### Work request
Of the material below, the lines to be retyped are those from the line containing "AOWOFS Mens Denim" through the line containing "contemporary design Dark", inclusive; reproduce them exactly.

### Supplied records
----

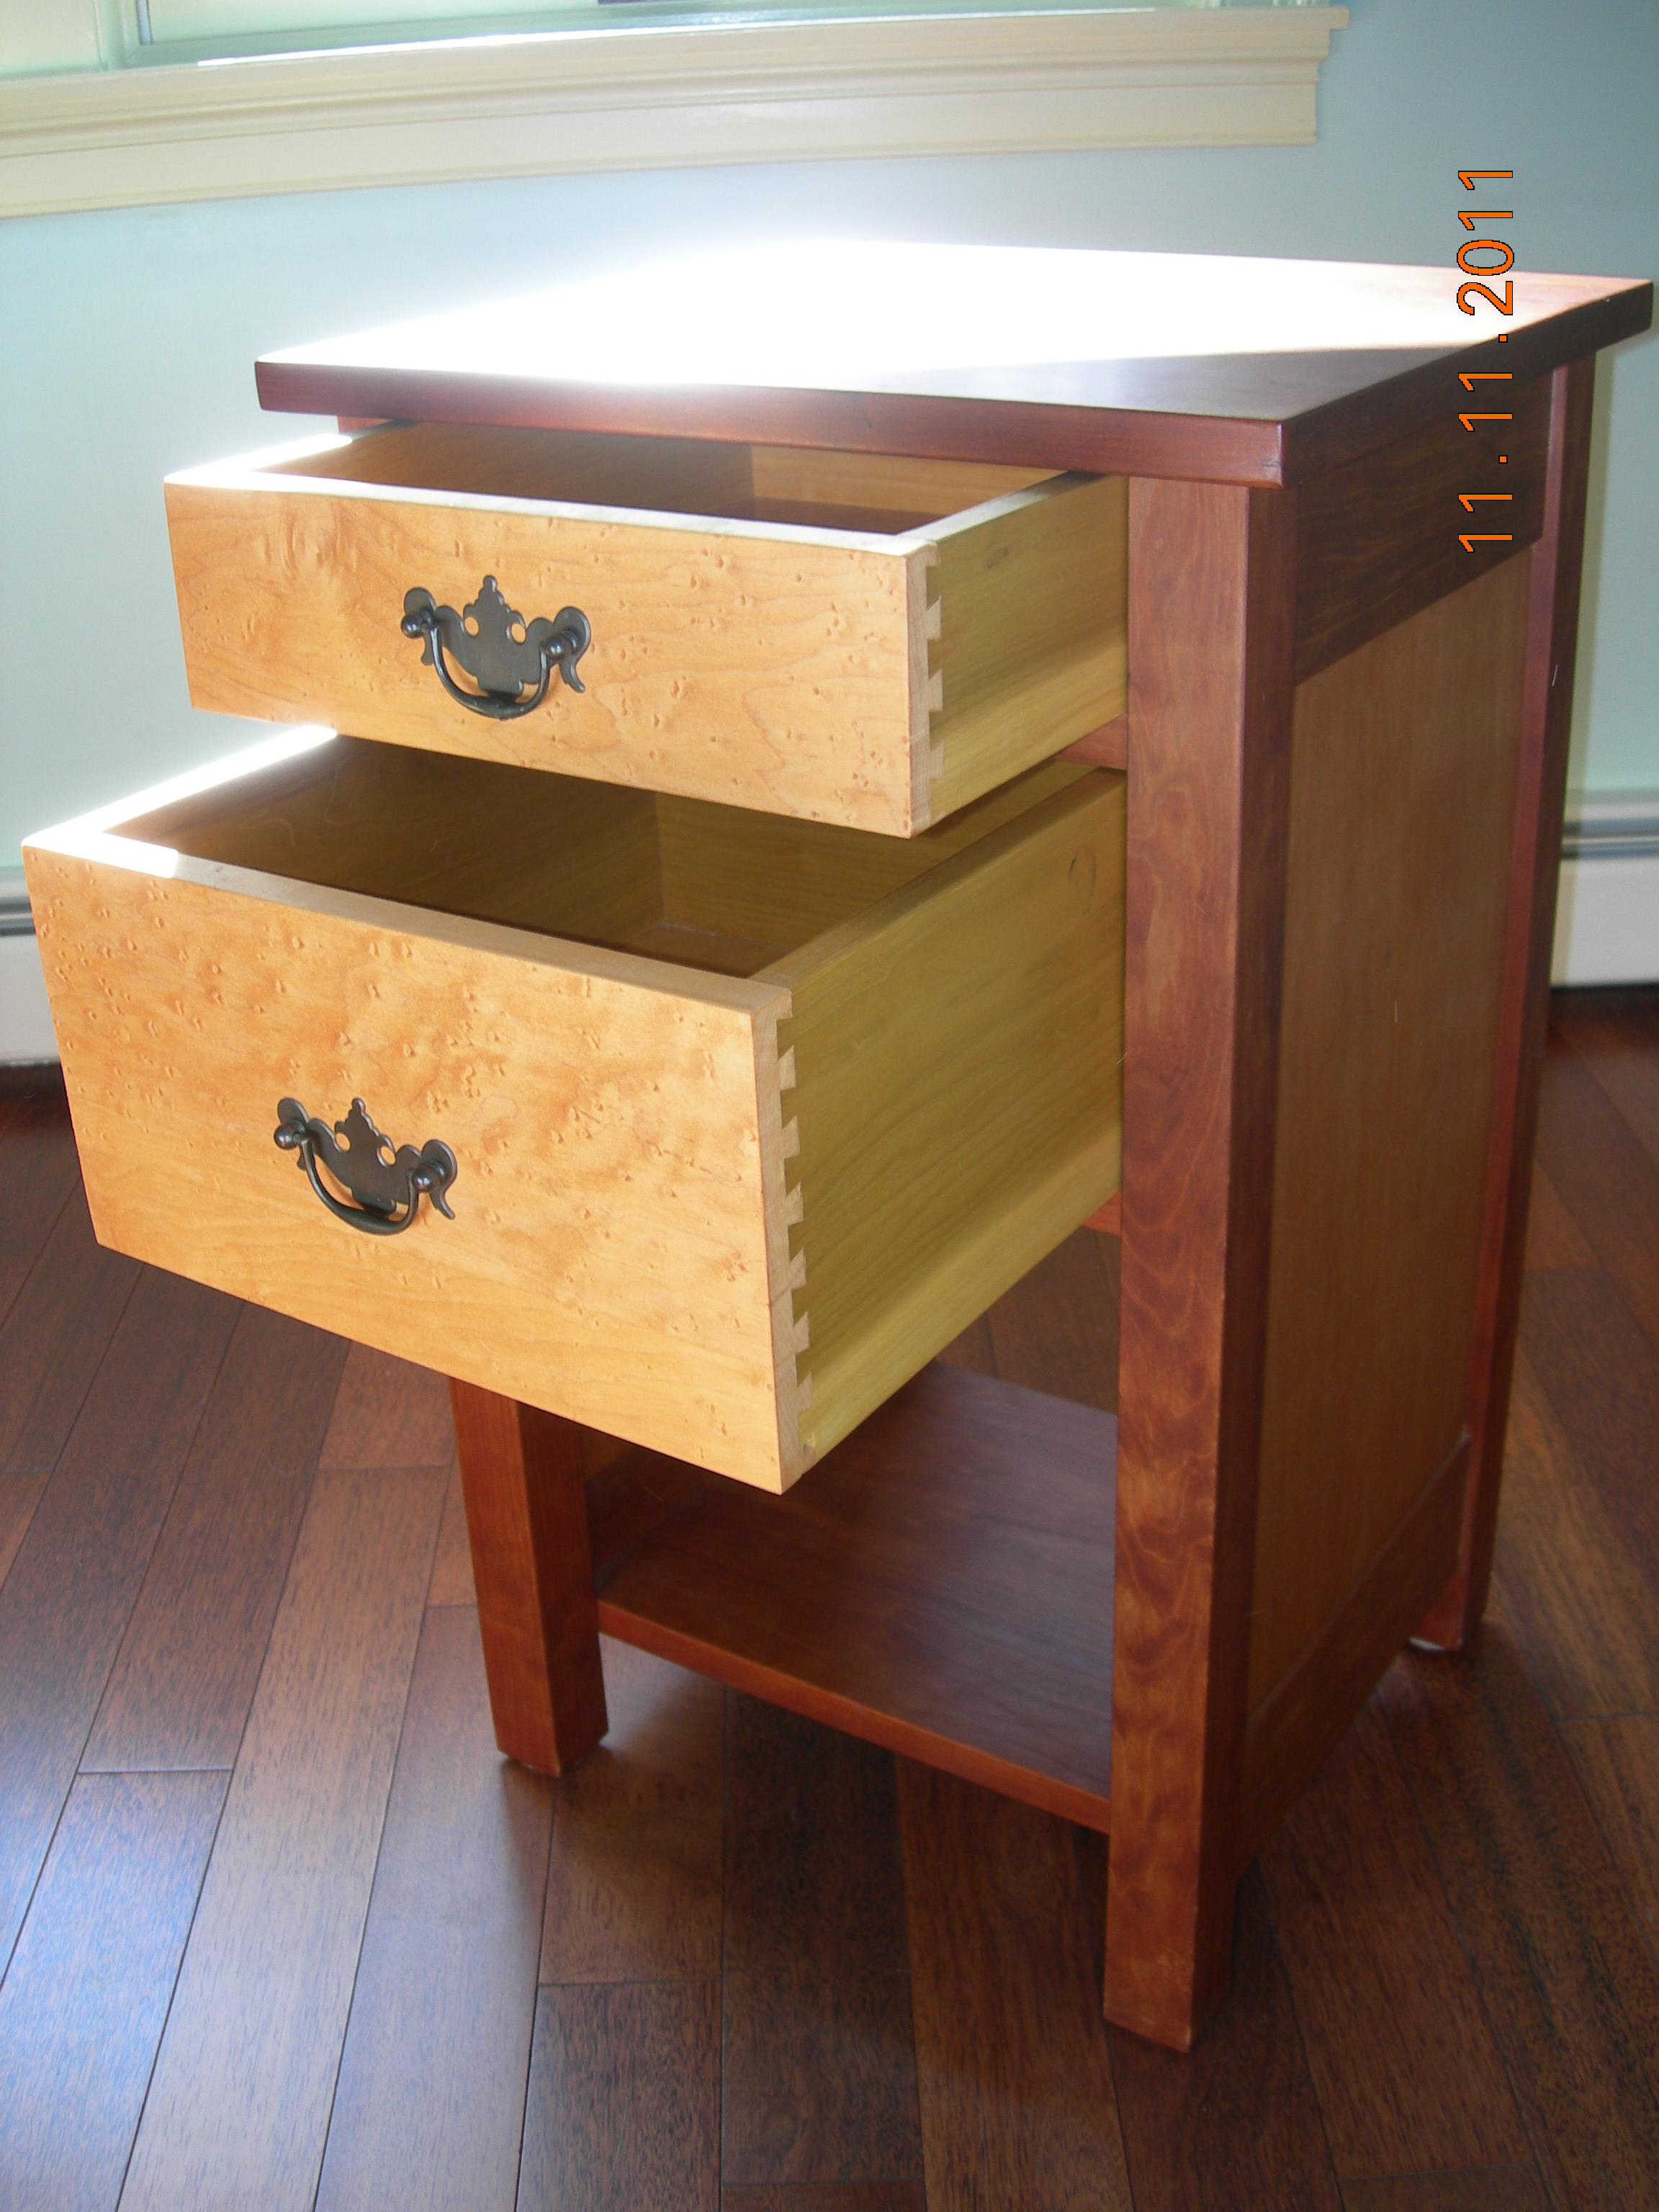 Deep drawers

----

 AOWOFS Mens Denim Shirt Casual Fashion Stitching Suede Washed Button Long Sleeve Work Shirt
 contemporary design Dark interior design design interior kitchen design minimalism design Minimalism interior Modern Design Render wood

----

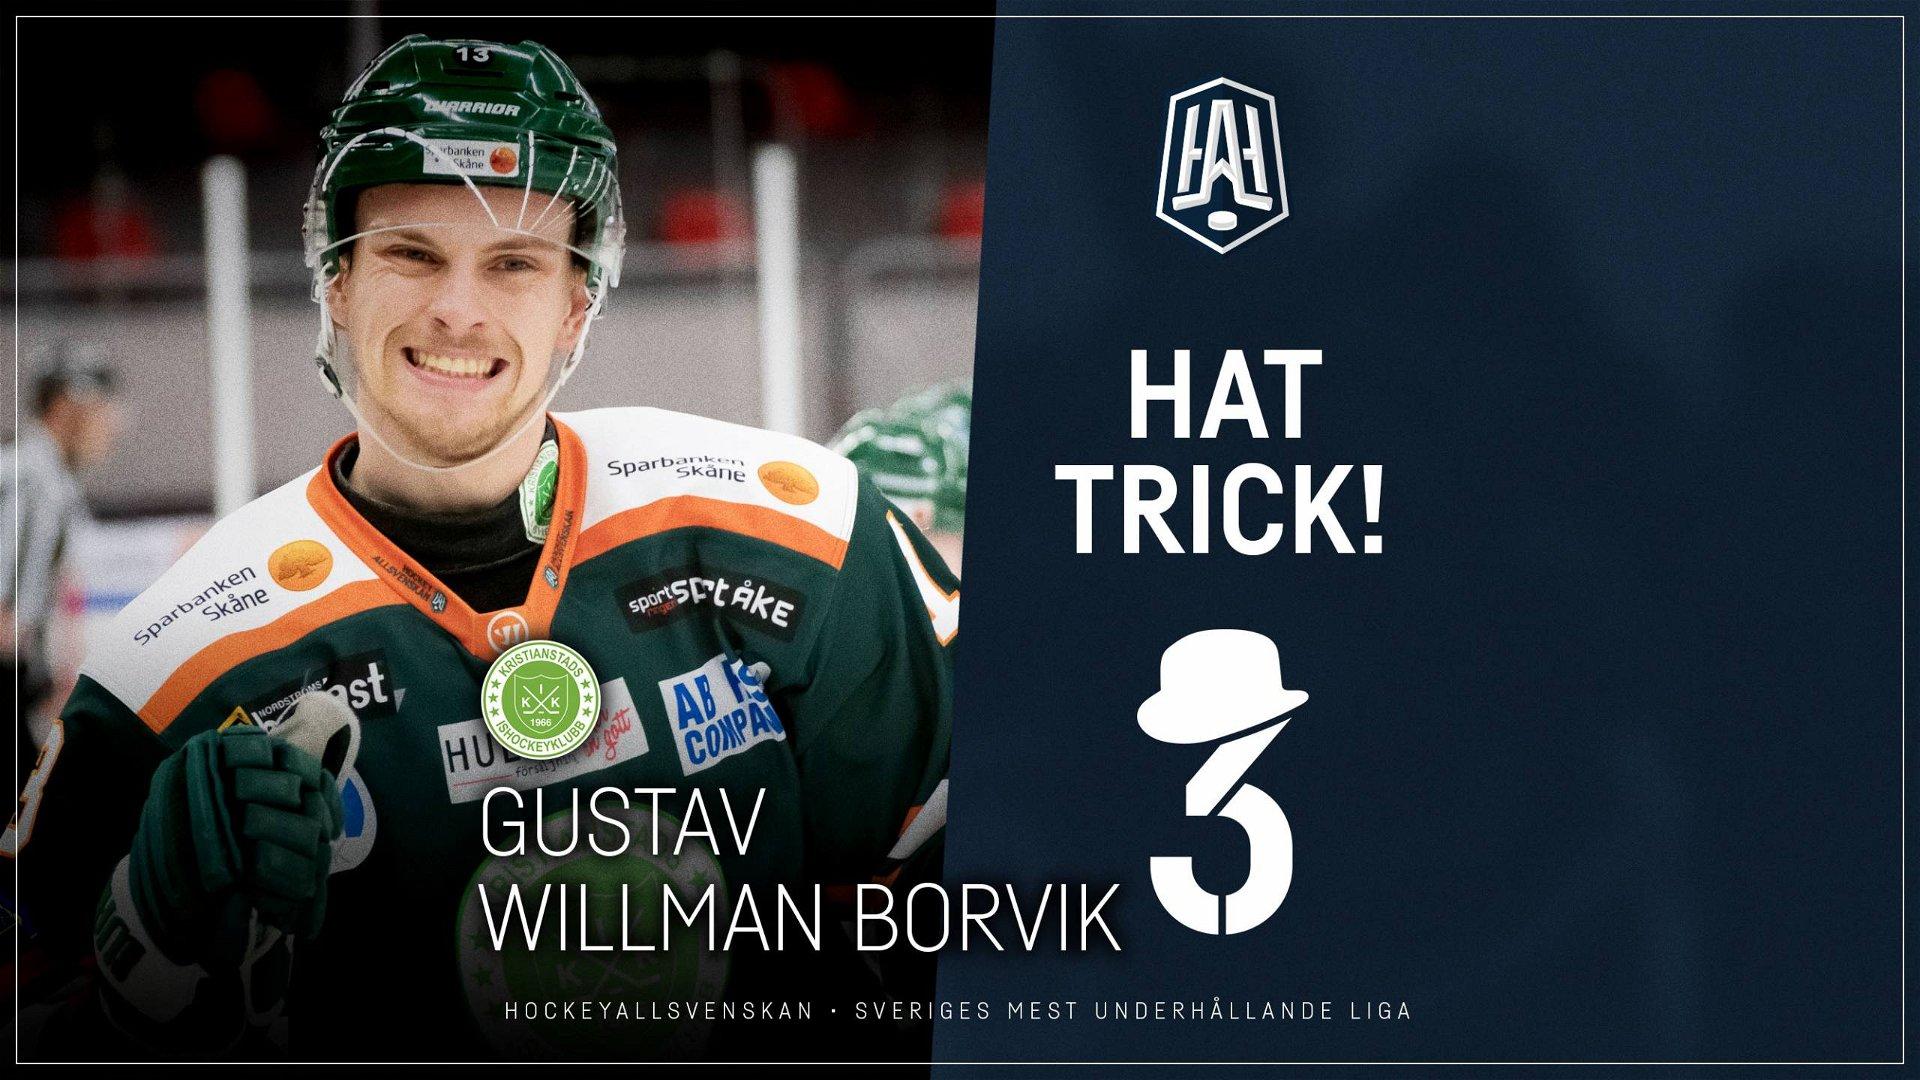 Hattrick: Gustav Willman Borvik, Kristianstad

----

### Result below
 AOWOFS Mens Denim Shirt Casual Fashion Stitching Suede Washed Button Long Sleeve Work Shirt
 contemporary design Dark interior design design interior kitchen design minimalism design Minimalism interior Modern Design Render wood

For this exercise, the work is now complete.